The 5D3/CD338 monoclonal antibody specifically binds to an epitope of ABCG2 (BCRP1), a multi-drug resistance protein that is a member of ATP binding cassette (ABC) transporters. It is highly expressed on primitive stem cells as identified by the "side-population" (SP) phenotype. This SP phenotype is based on the efflux of fluorescent dyes such as Rhodamine 123 and Hoechst 33342. The expression of ABCG2 appears to be highly conserved as it has been identified in various species. Studies show that highly purified murine stem cells express BCRP1 mRNA and this expression declines sharply as the stem cells express CD34. The highest levels of BCRP1 mRNA expression have been seen in KDR+ human stem cells. ABCG2/BCRP1 was clustered as CD338 in the HLDA8 workshop.

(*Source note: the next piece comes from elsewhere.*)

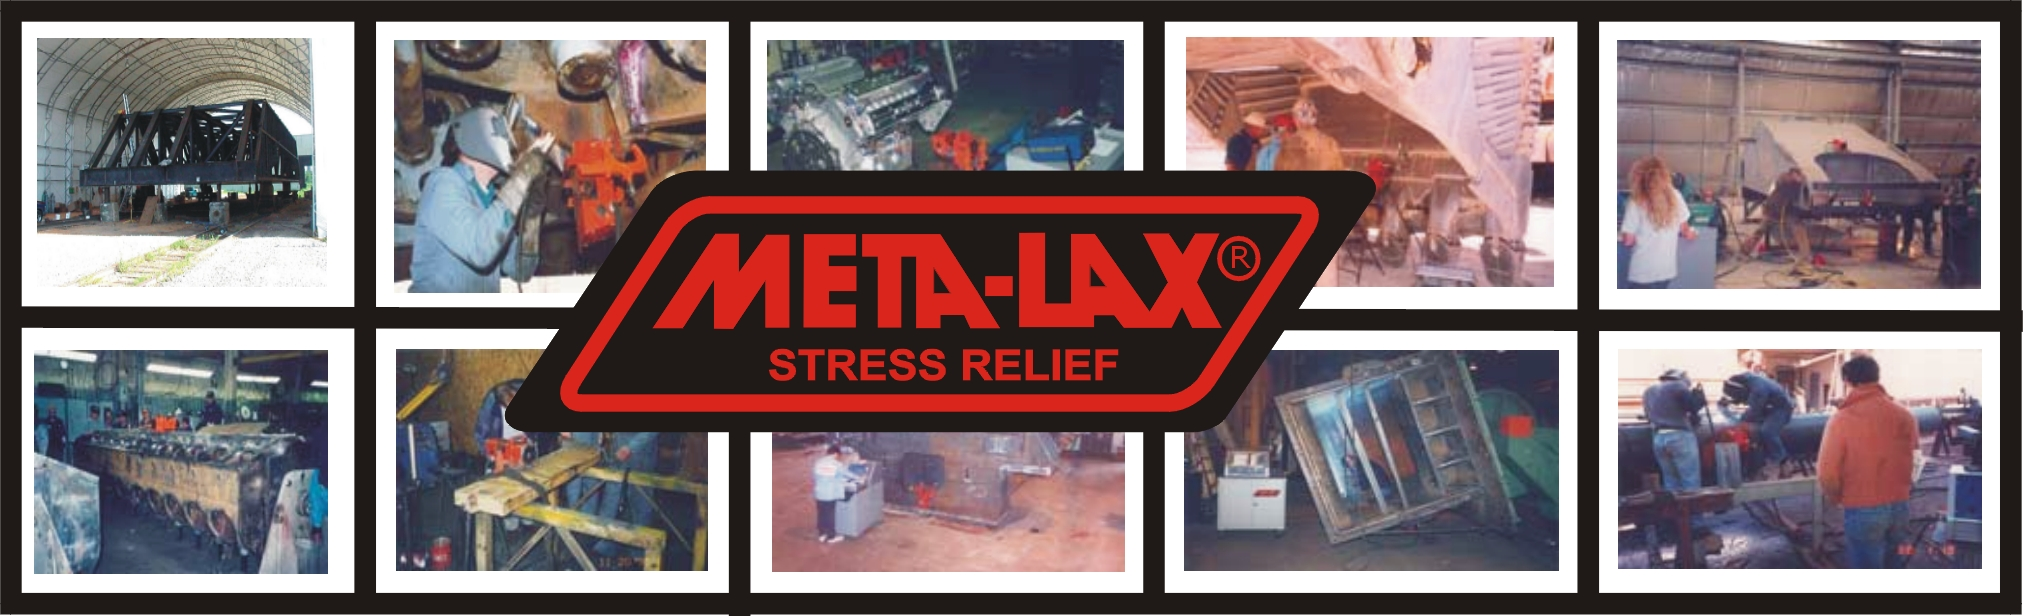 Meta Lax Sub Harmonic Vibration Stress Relief
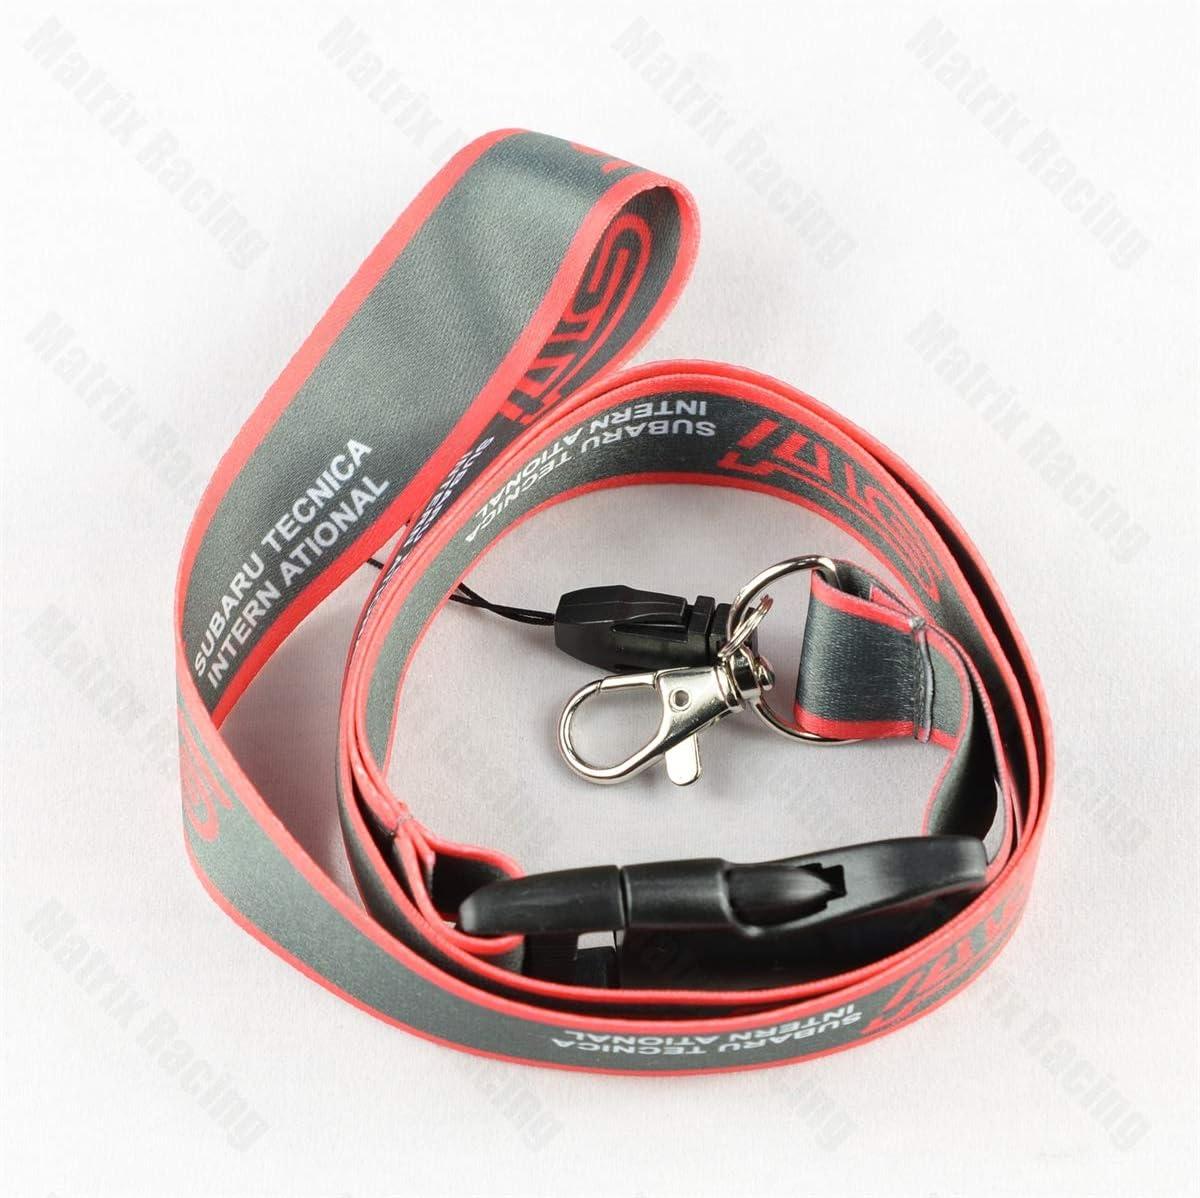 Gray JDM Style for STI Lanyard Racing Car Keychain ID Card Badge Holder Neck Strap for Subaru WRX Impreza Forester Outback BRZ Legacy Ascent Crosstrek

The antibody was conjugated to BD Horizon™ BUV661 which is part of the BD Horizon Brilliant™ Ultraviolet family of dyes. This dye is a tandem fluorochrome of BD Horizon BUV395 with an Ex Max of 348-nm and an acceptor dye with an Em Max at 661-nm. BD Horizon Brilliant BUV661 can be excited by the ultraviolet laser (355 nm) and detected with a 670/25 filter and a 630 nm LP. Due to cross laser excitation of this dye, there may be significant spillover into channels detecting APC-like emissions (eg, 670/25-nm filter).
Due to spectral differences between labeled cells and beads, using BD™ CompBeads can result in incorrect spillover values when used with BD Horizon BUV661 reagents. Therefore, the use of BD CompBeads or BD CompBeads Plus to determine spillover values for these reagents is not recommended. Different BUV661 reagents (eg, CD4 vs. CD45) can have slightly different fluorescence spillover therefore, it may also be necessary to use clone-specific compensation controls when using these reagents.